De repente, con lentitud, el mueble fue bajando hasta el suelo sin que la vajilla de Cartuja y los jarrones chinos que en él lucían, se tambaleasen lo más mínimo. Mi cerebro comenzó a funcionar de nuevo y pensé que todo se debería a un efecto óptico; quizás aquella voz tenía poderes hipnóticos...
- ¿Oiga - dije -, cuál es el truco?
De nuevo me llegó un suspiro largo.
- Eso significa, Víctor, que aún no crees que sea Dios.
- ¡Pero hombre - grité sin contenerme -, déjese de historias! Algún truco está empleando aunque reconozco que debe ser muy bueno.
- Víctor -anunció de nuevo el teléfono interrumpiendo mi razonamiento-, observa ahora la pared a tu derecha.
Cerré los ojos de forma automática, negándome a obedecer. Mi intuición en un reflejo condicionado debió temer algo horrendo. Pero ¿cómo resistir semejante tentación? Poco a poco alcé los párpados y miré. Aquella pared la teníamos llena de libros, del suelo al techo. Era una inmensa biblioteca de unos diez metros de larga por tres de alta, orgullo de toda mi vida adquiriendo saber y recuerdos.
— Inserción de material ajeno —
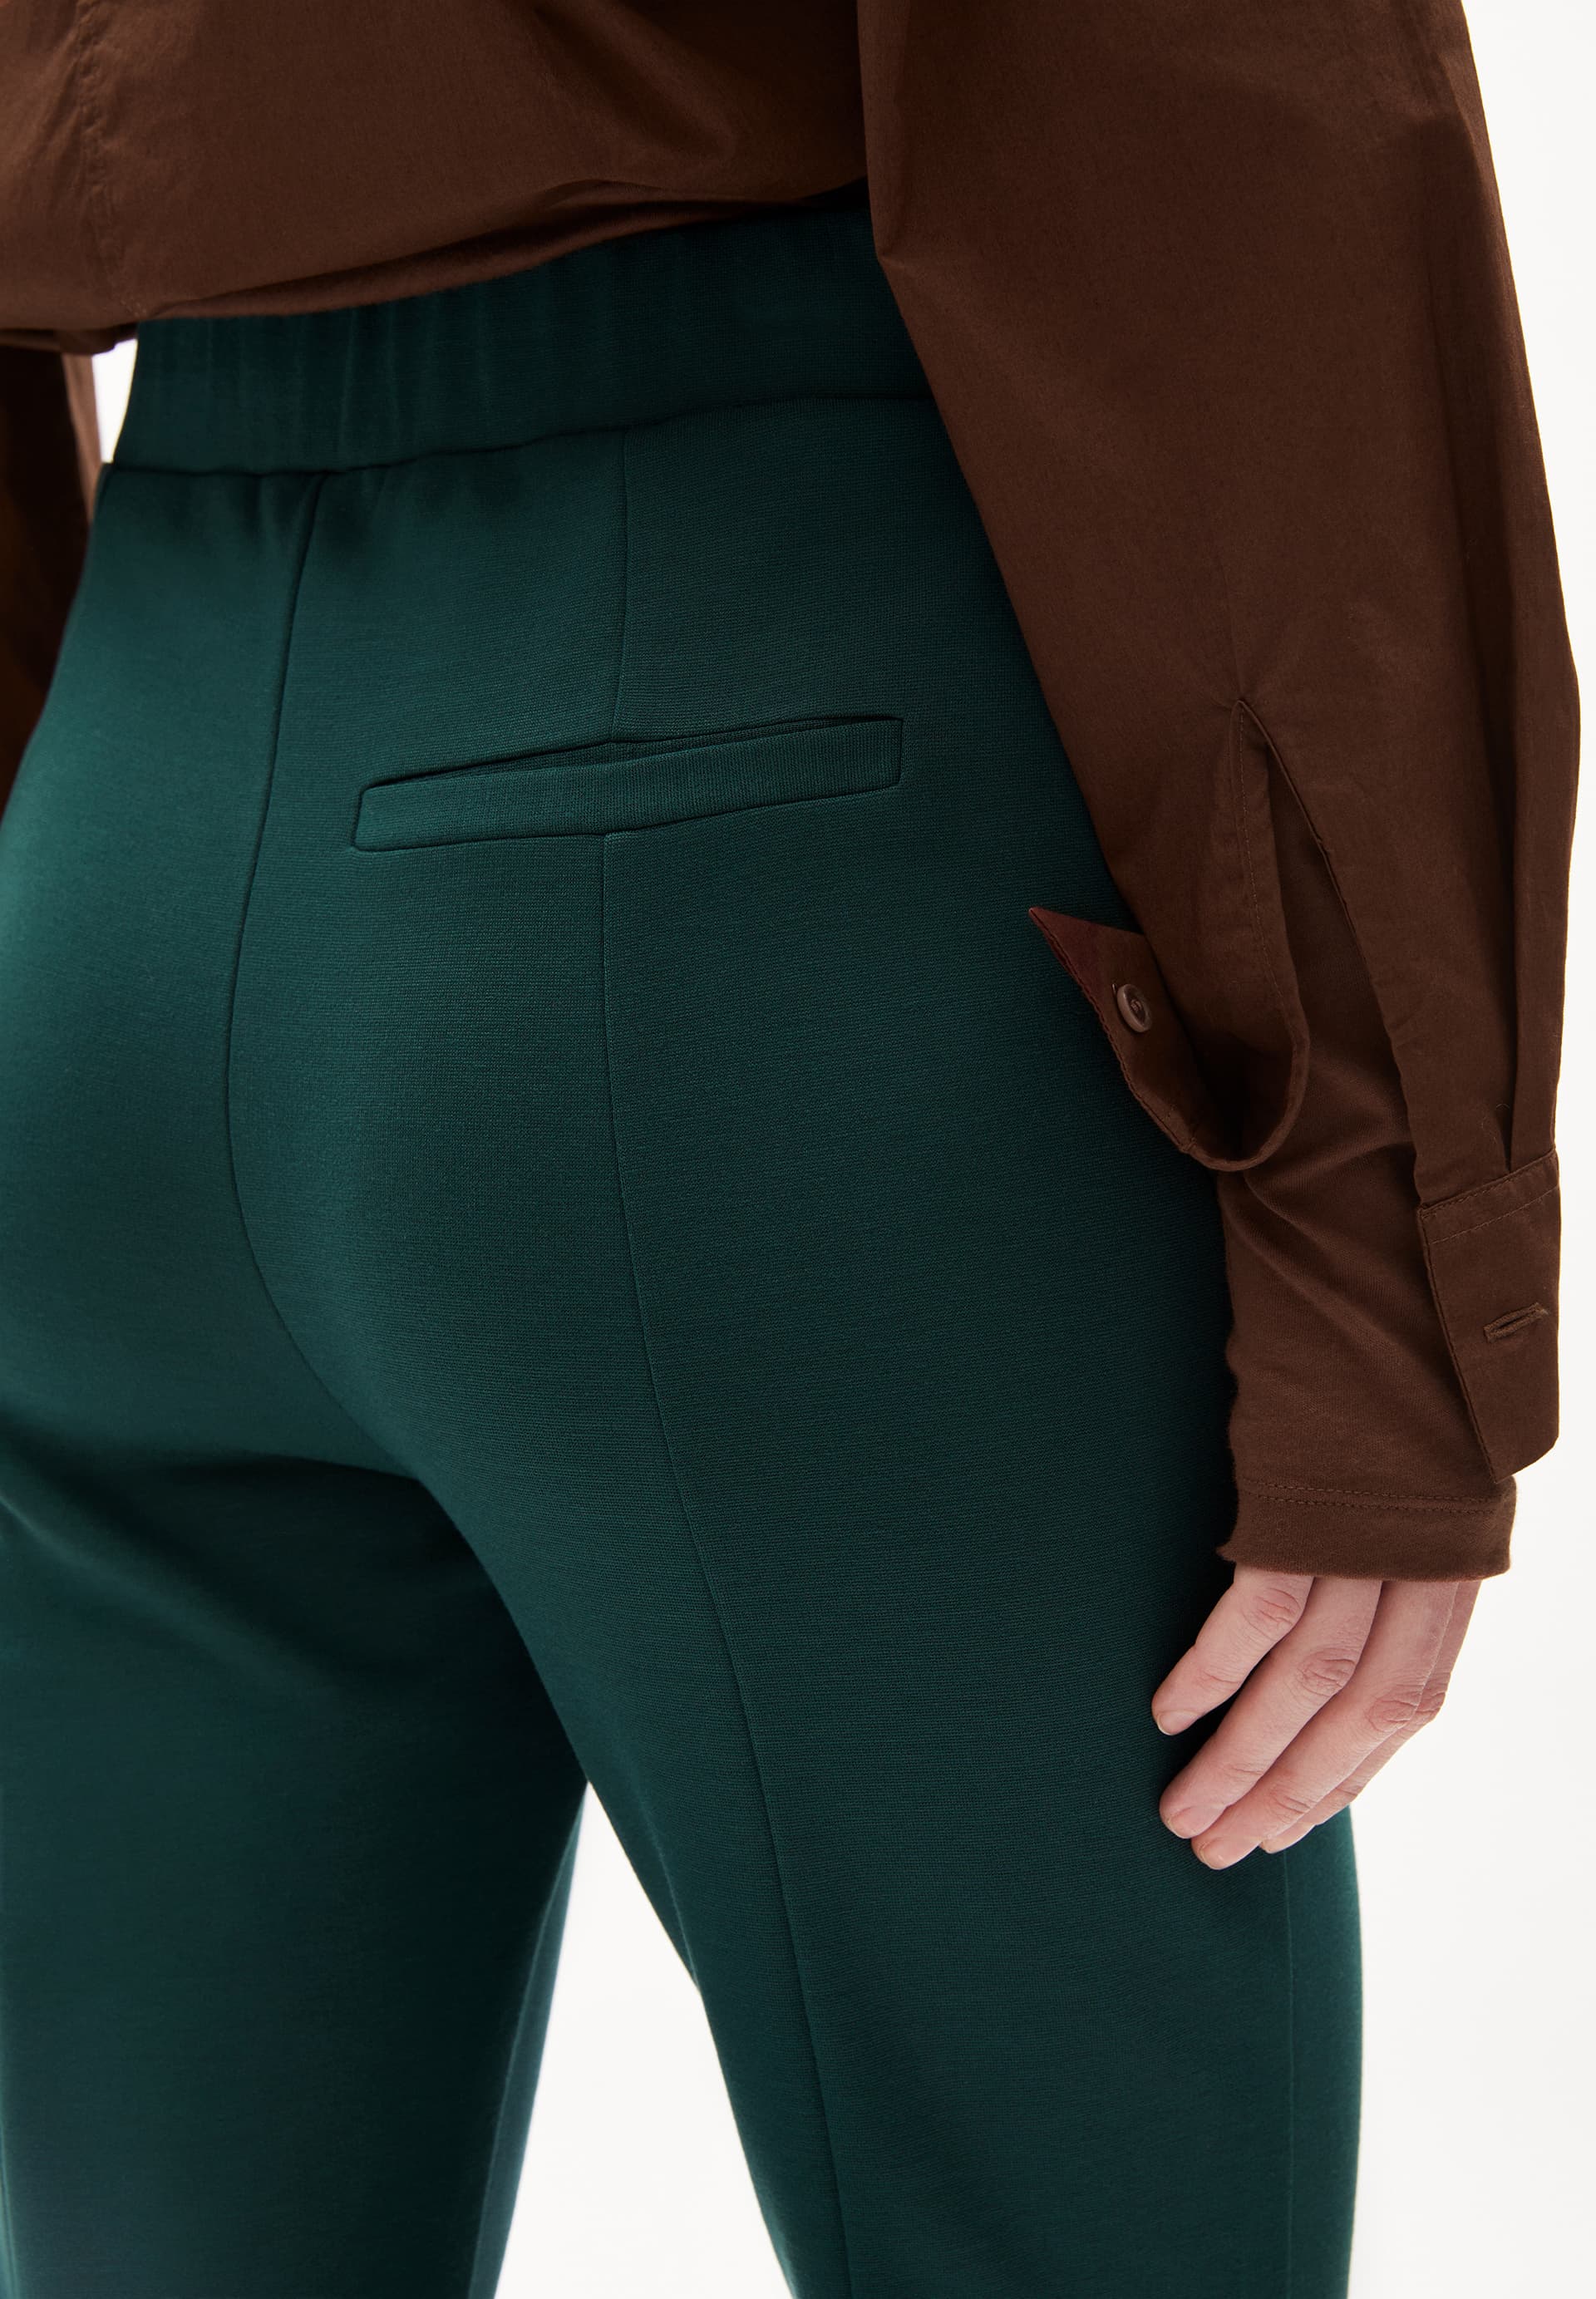 LEYLAARI Jersey Pants made of LENZING™ ECOVERO™ Mix

Pues bien, cuando puse los ojos en ella, se había convertido en una increíble y gigantesca pantalla de televisión en colores. Me eché la mano al rostro y froté los ojos. ¡Era imposible! Y sin embargo, el efecto no desapareció. Dejé el teléfono sobre el asiento y me acerqué. Lo que pude tocar fue un inmenso cristal abombado, con algún tipo de electricidad estática adherida a él. Luego retrocedí unos pasos. Y me vi a mí mismo en la increíble pantalla. Lentamente llegué al móvil y lo recogí del sillón. Mis ojos no dejaban de contemplarme aumentado diez veces de tamaño.
-¿Oiga - dije con un débil hilo de voz -, qué quiere de mí?
La voz se había endurecido respecto a la última vez que la oyera.
- Ya nada –respondió-, has sido la primera persona a la que Dios llama por teléfono y no me has reconocido. De nada me sirve que estés ahí abajo...
Sonó un clip tan agudo que hizo temblar todo mi oído interno.
- Pero oiga, oiga, oiga... -comencé a decir torpemente, sin entender absolutamente nada.



Cuando mi esposa regresó de la calle, su vida se quebró en dos al cerrar la puerta, volverse y verme en el suelo, con los ojos abiertos como platos y el cordón del teléfono alrededor de mi cuello. Pero yo no pude hacer nada por ella. Ya no dominaba mi cuerpo. En un rápido juicio, más allá de las fronteras de la materia, había sido condenado a esperar eternamente, flotando en un extraño vacío, una segunda llamada de Dios.